È all’incirca dall’anno 1000 d.C. che esiste la “Comuna” di Grignano Polesine, attualmente denominata “Antichi Beni Originari”; una proprietà collettiva del tutto particolare a livello nazionale e senz’altro unica nell’area Veneta.

Molto simile alle partecipanze agrarie di matrice emiliana, la “Comuna” può essere inquadrata nella categoria delle Terre Collettive, i terreni della “Comuna” infatti sono un bene di ragione privata il cui godimento spetta ai "compartecipi", ossia ai discendenti maschi delle famiglie originarie presenti nel paese di Grignano all’atto dell'investitura livellaria da parte dell'Abbazia Benedettina di Santa Maria dell'isola di Pomposa, dei quali terreni era proprietaria  fin dal X secolo d.C.. Famiglie originarie che si adoperarono nei secoli per bonificare, rendere coltivabili e strappare alla palude quei terreni da cui ottenevano l’unico sostentamento alle loro vite.
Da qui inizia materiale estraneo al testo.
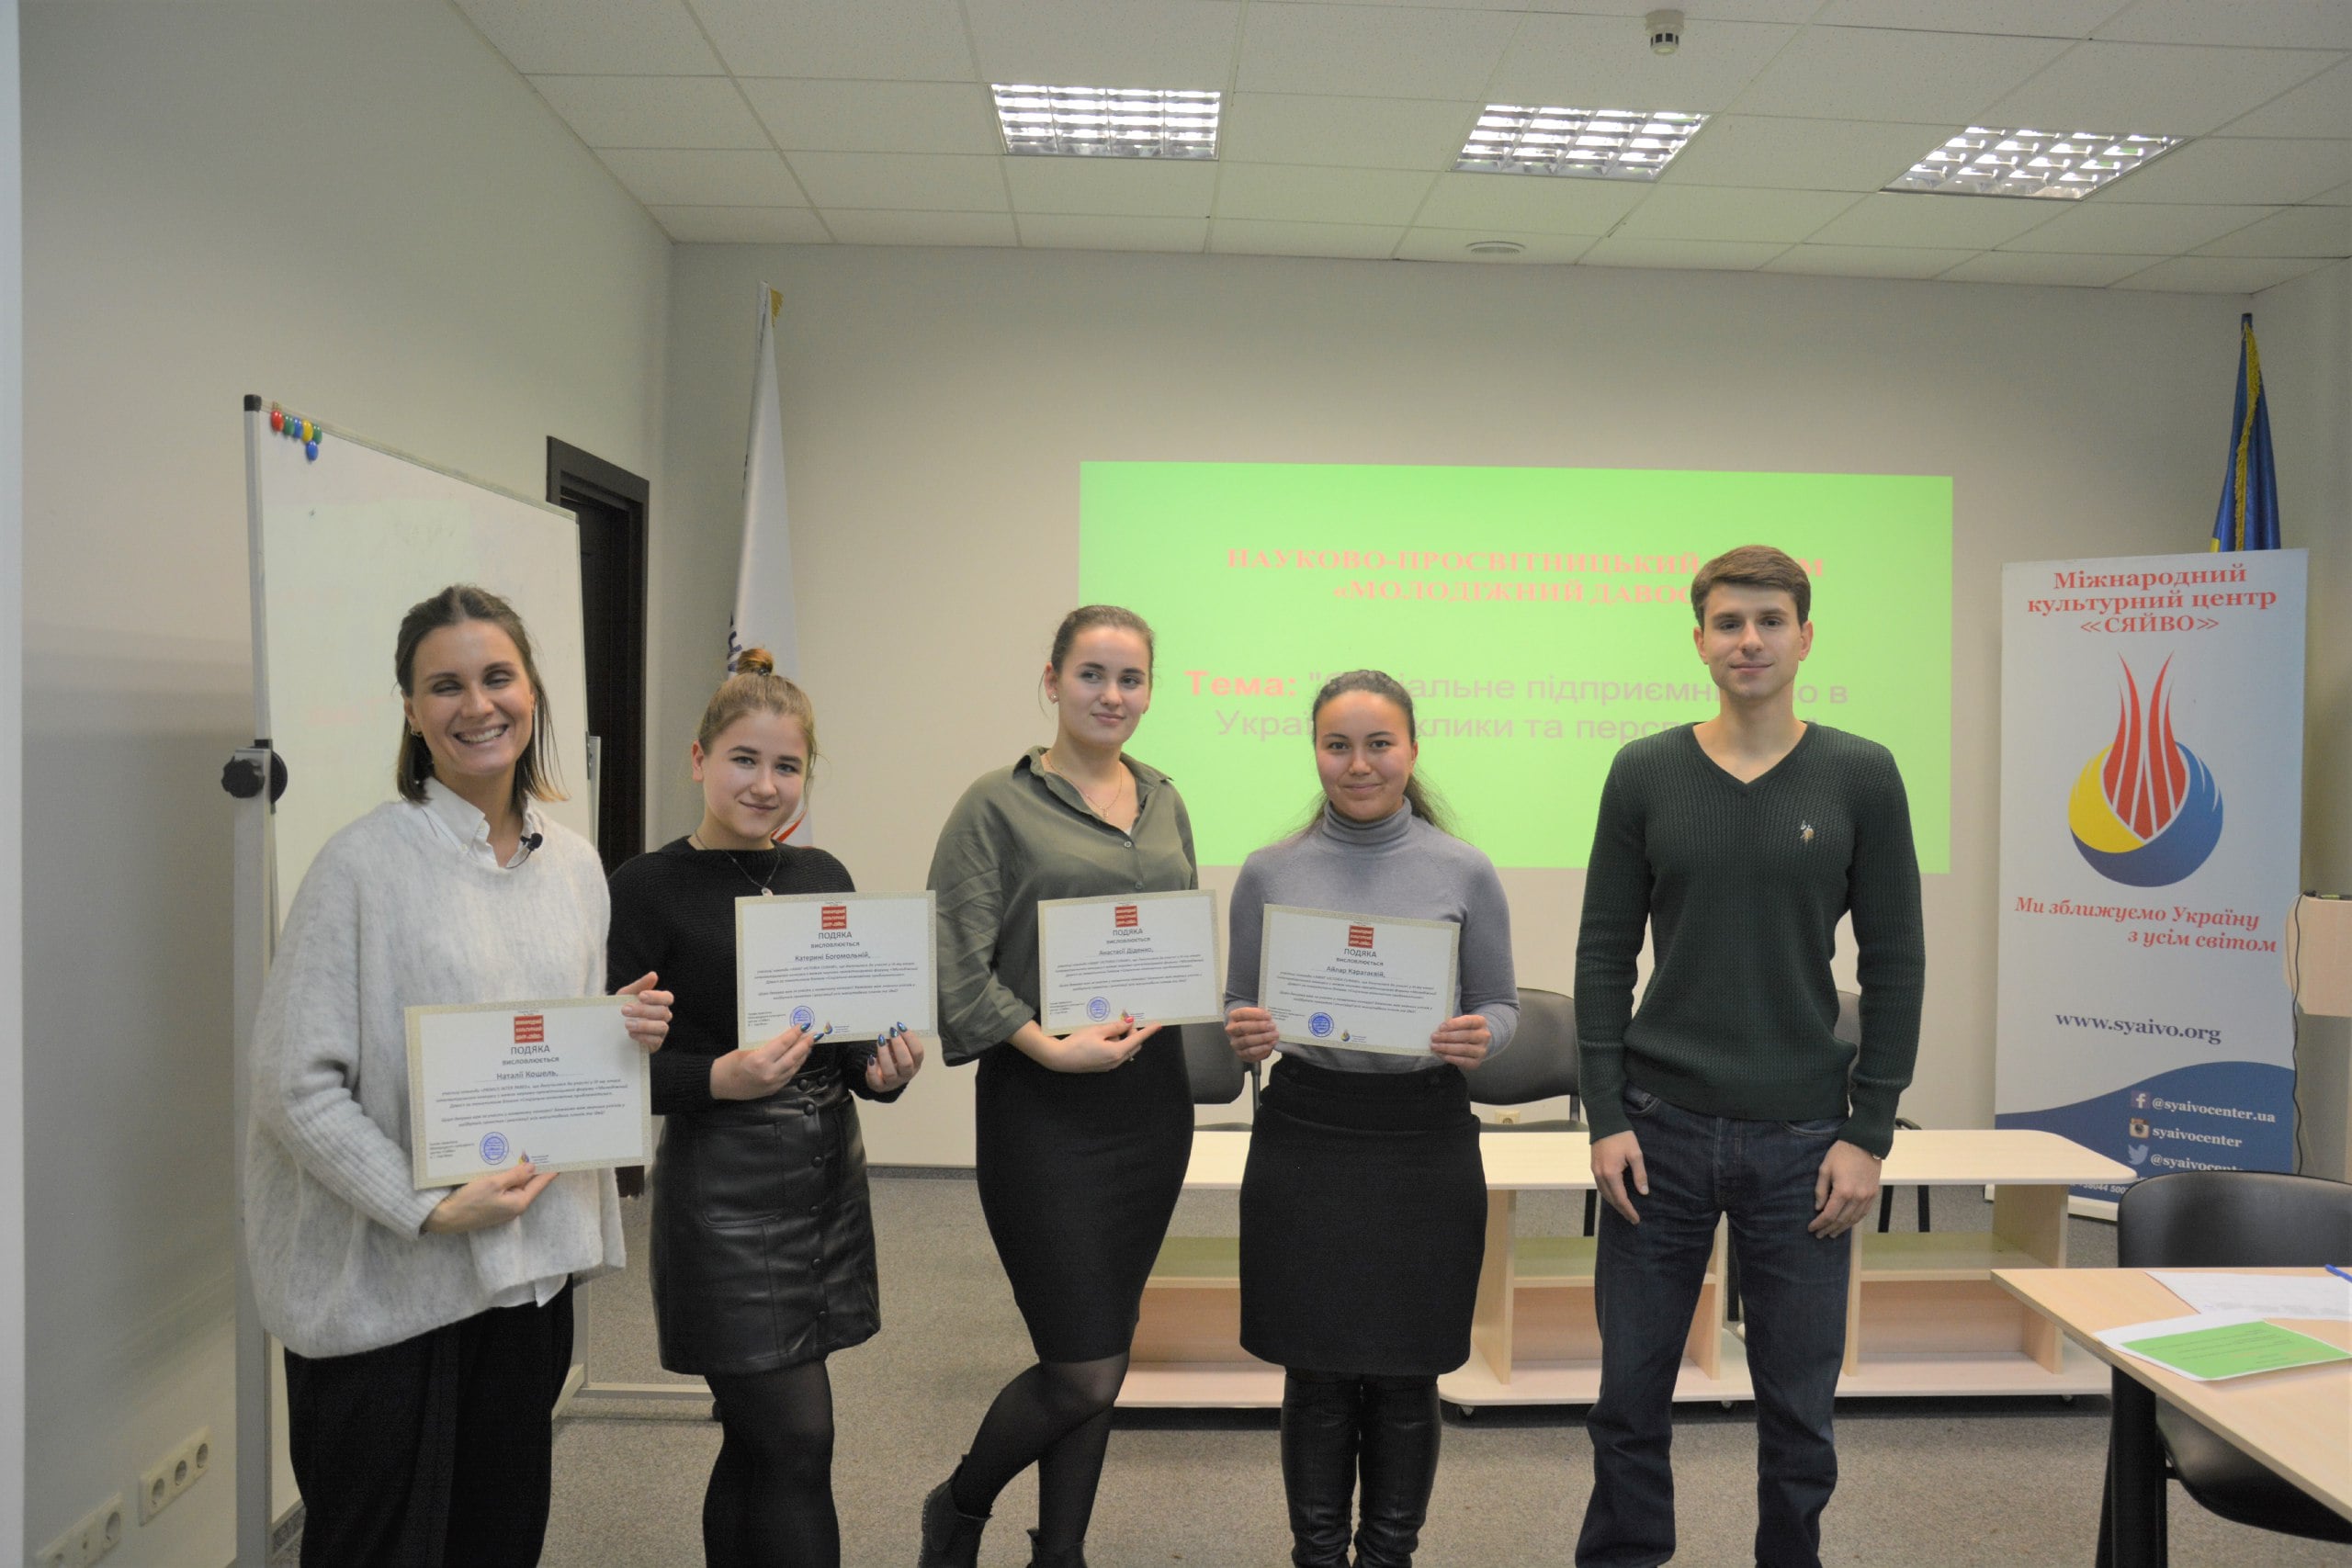 Студенти Факультету міжнародних відносин НАУ взяли участь у науково-практичному заході для студентства «Молодіжний Давос»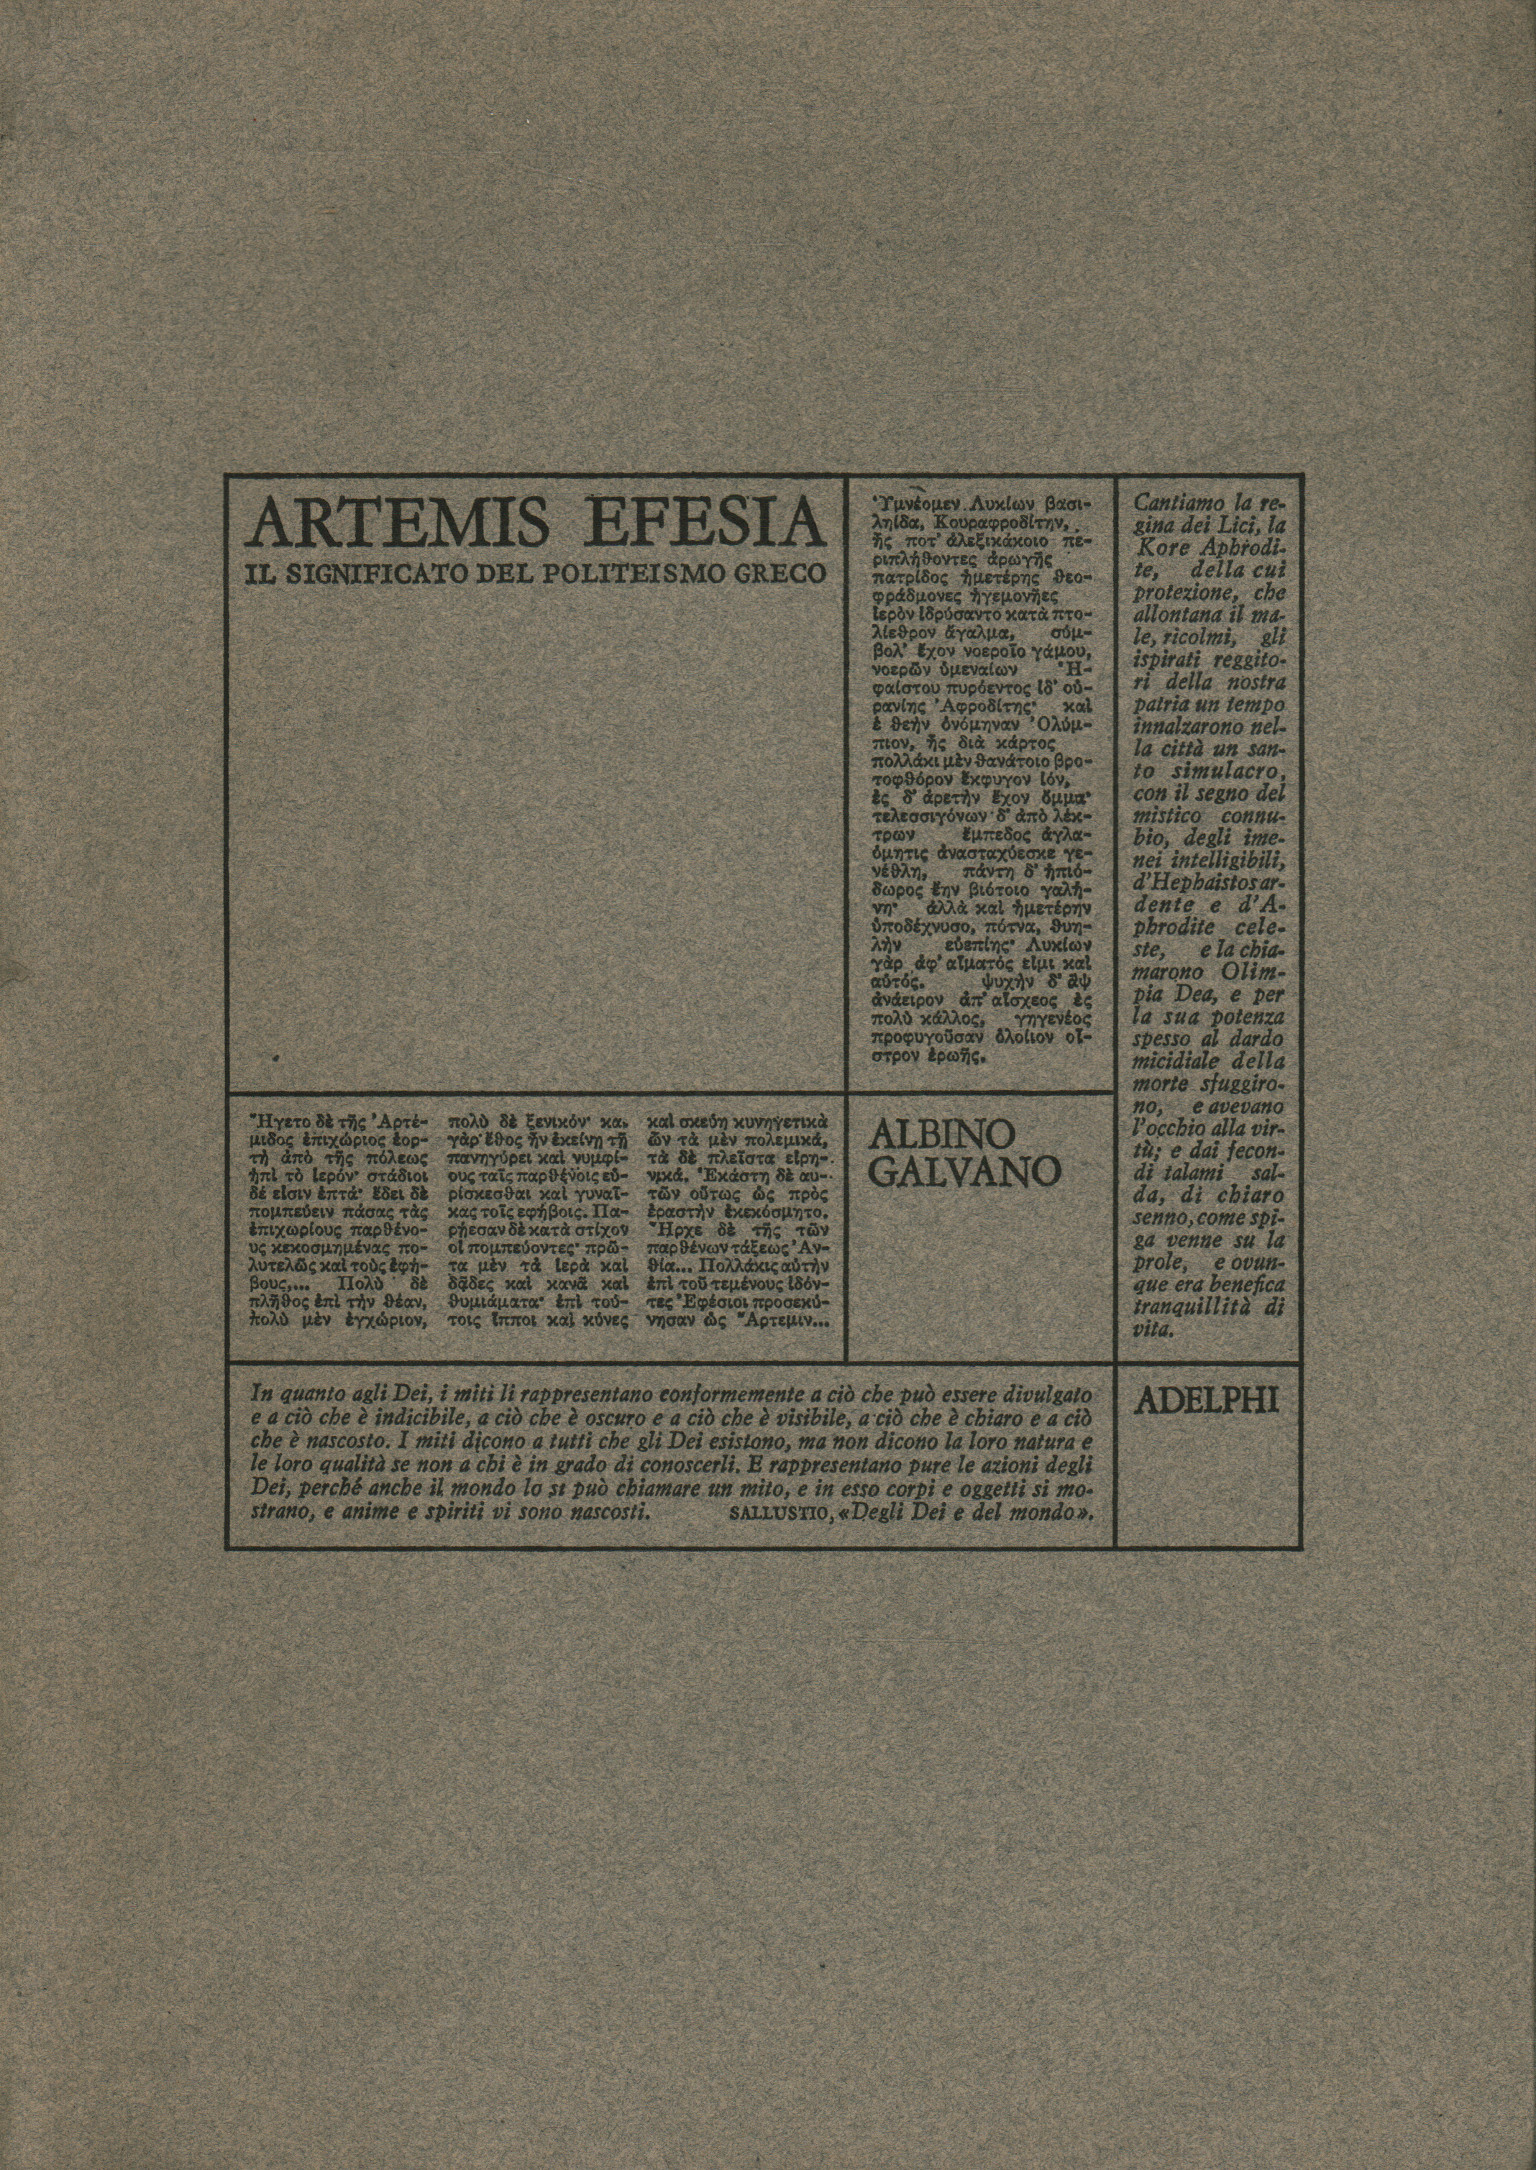 Artemisa Efesia. El significado de la política

Requisito fondamentale per essere compartecipi, oltre alla discendenza dagli Originari, è inoltre quello di risiedere e vivere nel paese di Grignano Polesine.

 

ORIGINI

Della prima investitura livellaria, sempre comunque menzionata fra le attività dell’Abbazia fin quasi dalla sua origine, sono purtroppo andati perduti sia il titolo costitutivo che le rinnovazioni livellarie fino al 1426, anno a cui risale il documento più antico arrivato fino ai nostri giorni nel quale si riporta inoltre che i compartecipi dovevano fornire all’Abbazia, quale prestazione livellaria annua “sei pesci cavedani e tre denari dei piccoli”. Un canone livellario che, come si può facilmente notare, è puramente simbolico vista la condizione disastrosa in cui versava a quel tempo il territorio in oggetto, come pure la maggior parte dell'odierno Polesine di Rovigo.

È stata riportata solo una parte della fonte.